_Extracted material_
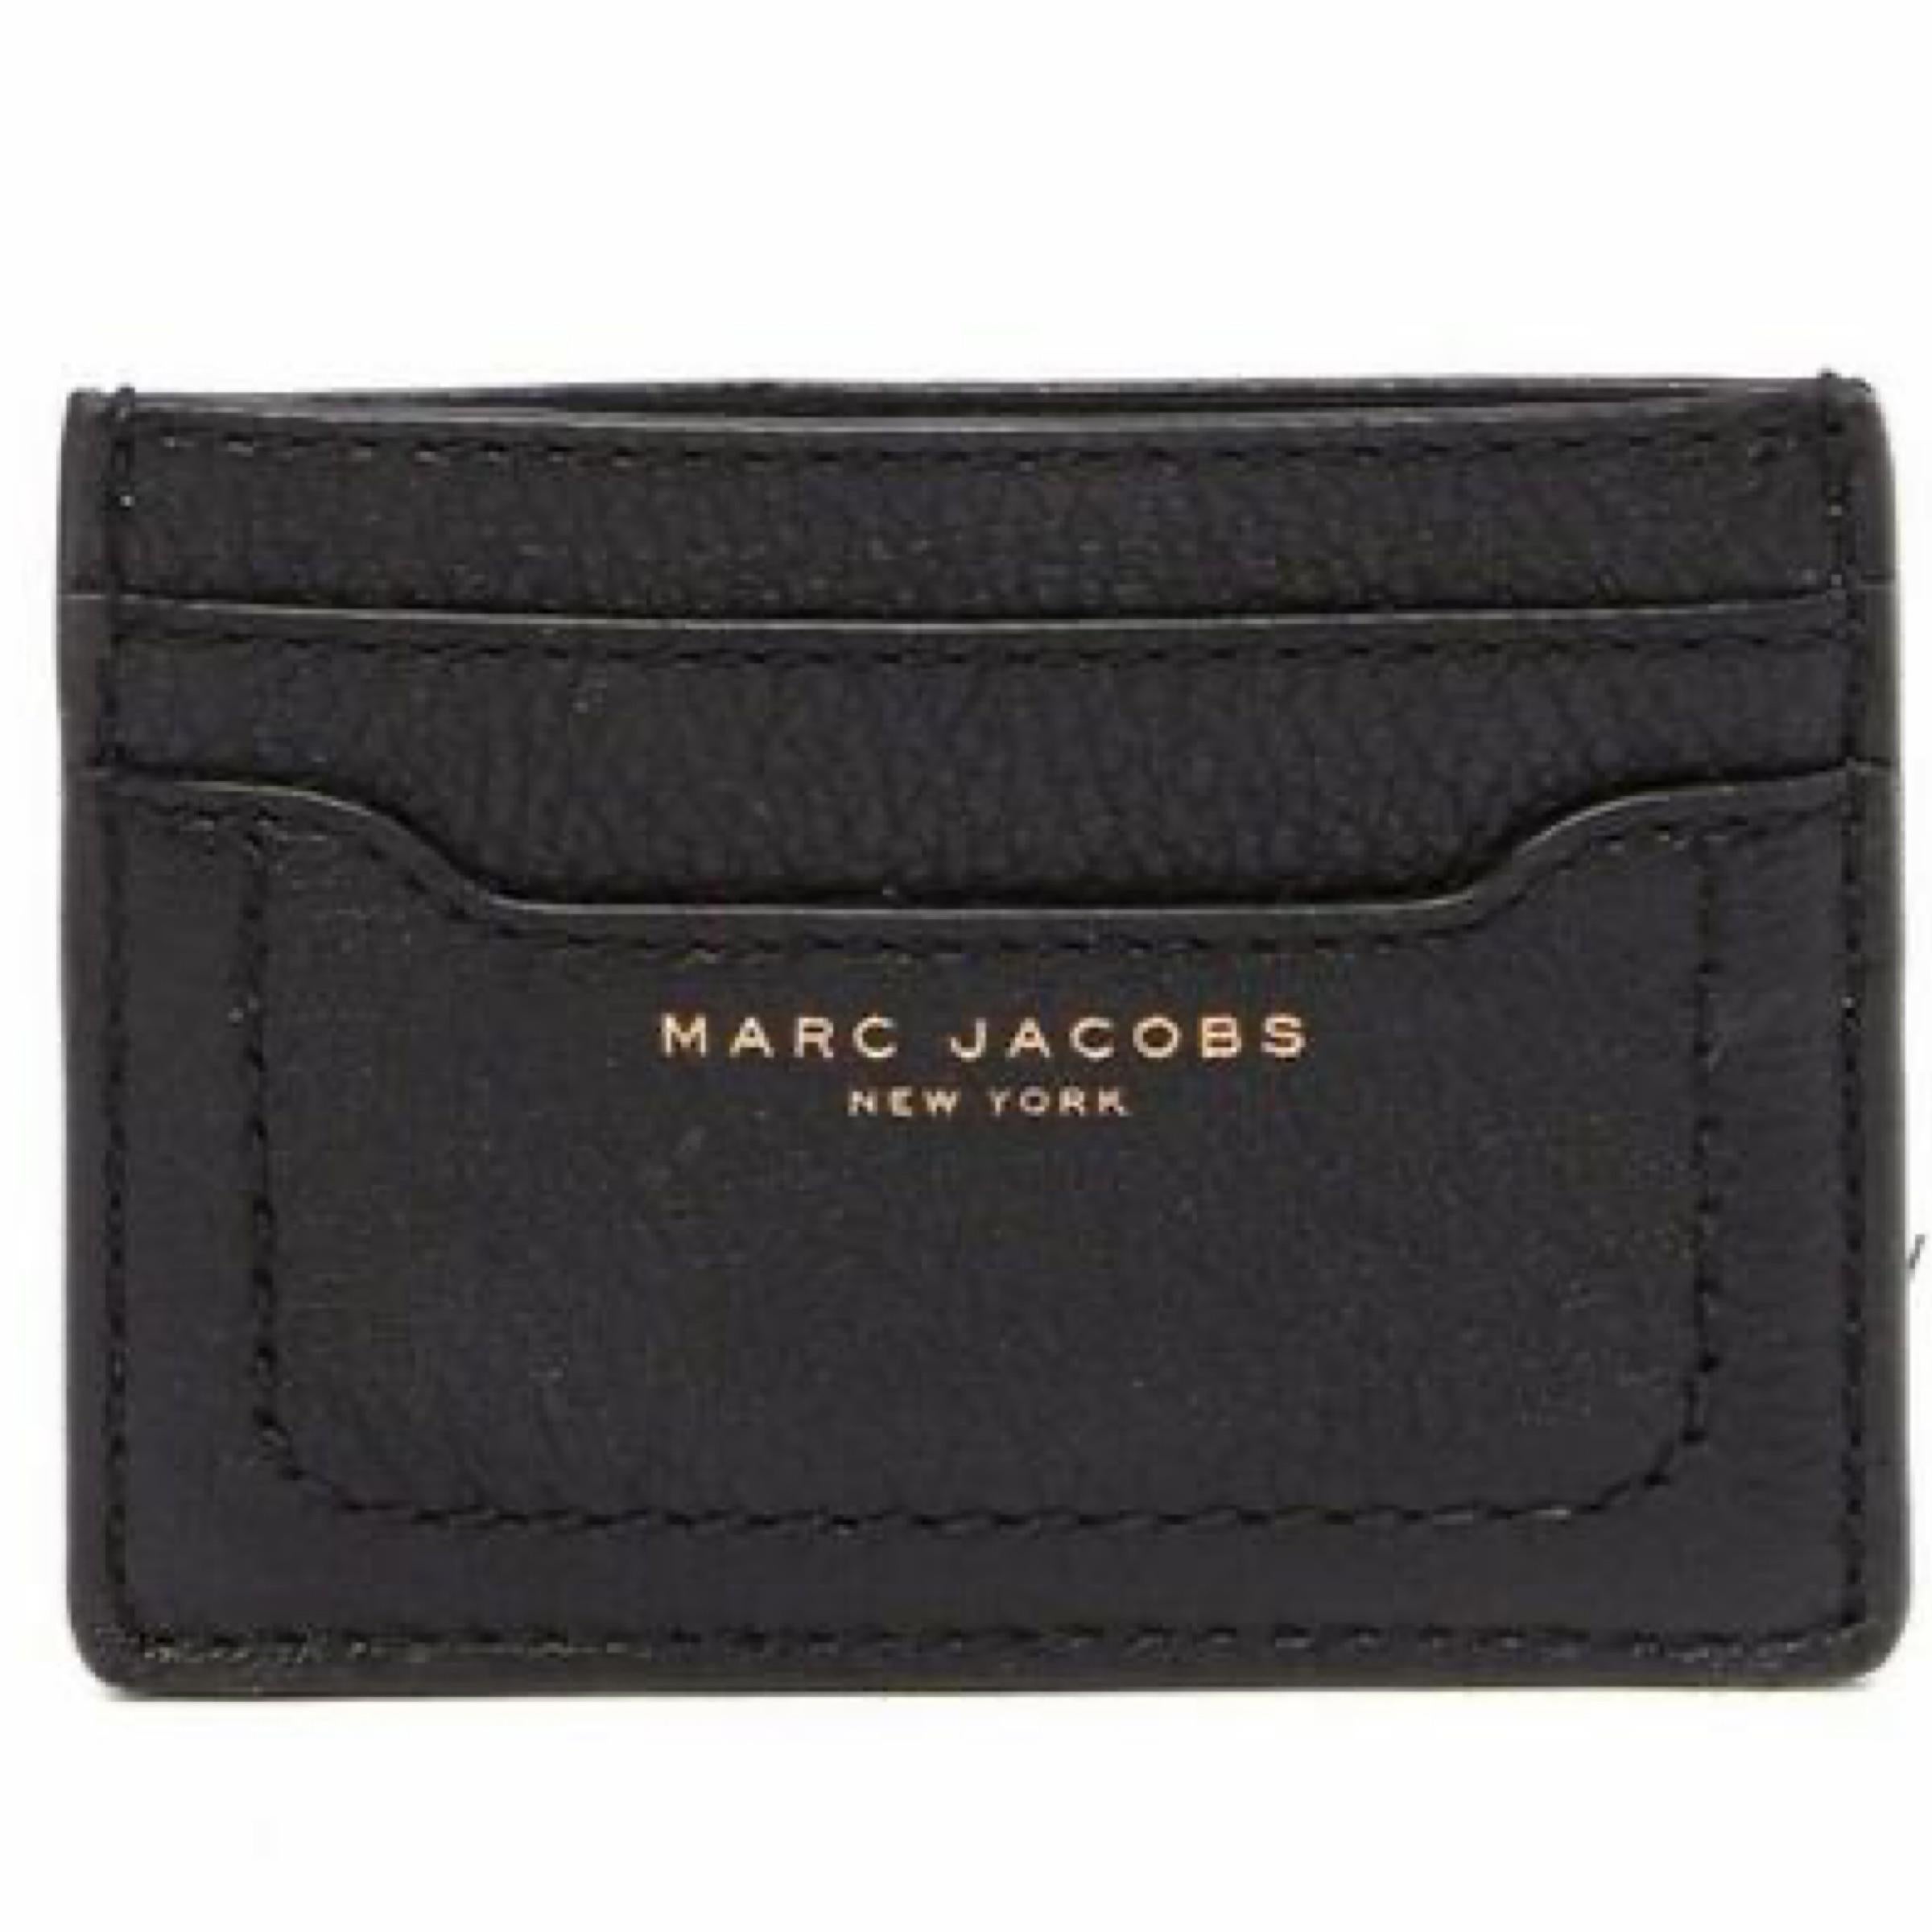 New Marc Jacobs Black Gold Logo Leather Card Holder Wallet

Authenticity Guaranteed

DETAILS
Brand: Marc Jacobs
Gender: Unisex
Category: Card holder
Condition: Brand new
Color: Black
Material: Leather
Front gold logo
1 bill slot
4 card

_Goal of the exercise_
The entries above need to be output again in full, exactly, and without pictures.

_Output below_
 New Marc Jacobs Black Gold Logo Leather Card Holder Wallet

Authenticity Guaranteed

DETAILS
Brand: Marc Jacobs
Gender: Unisex
Category: Card holder
Condition: Brand new
Color: Black
Material: Leather
Front gold logo
1 bill slot
4 card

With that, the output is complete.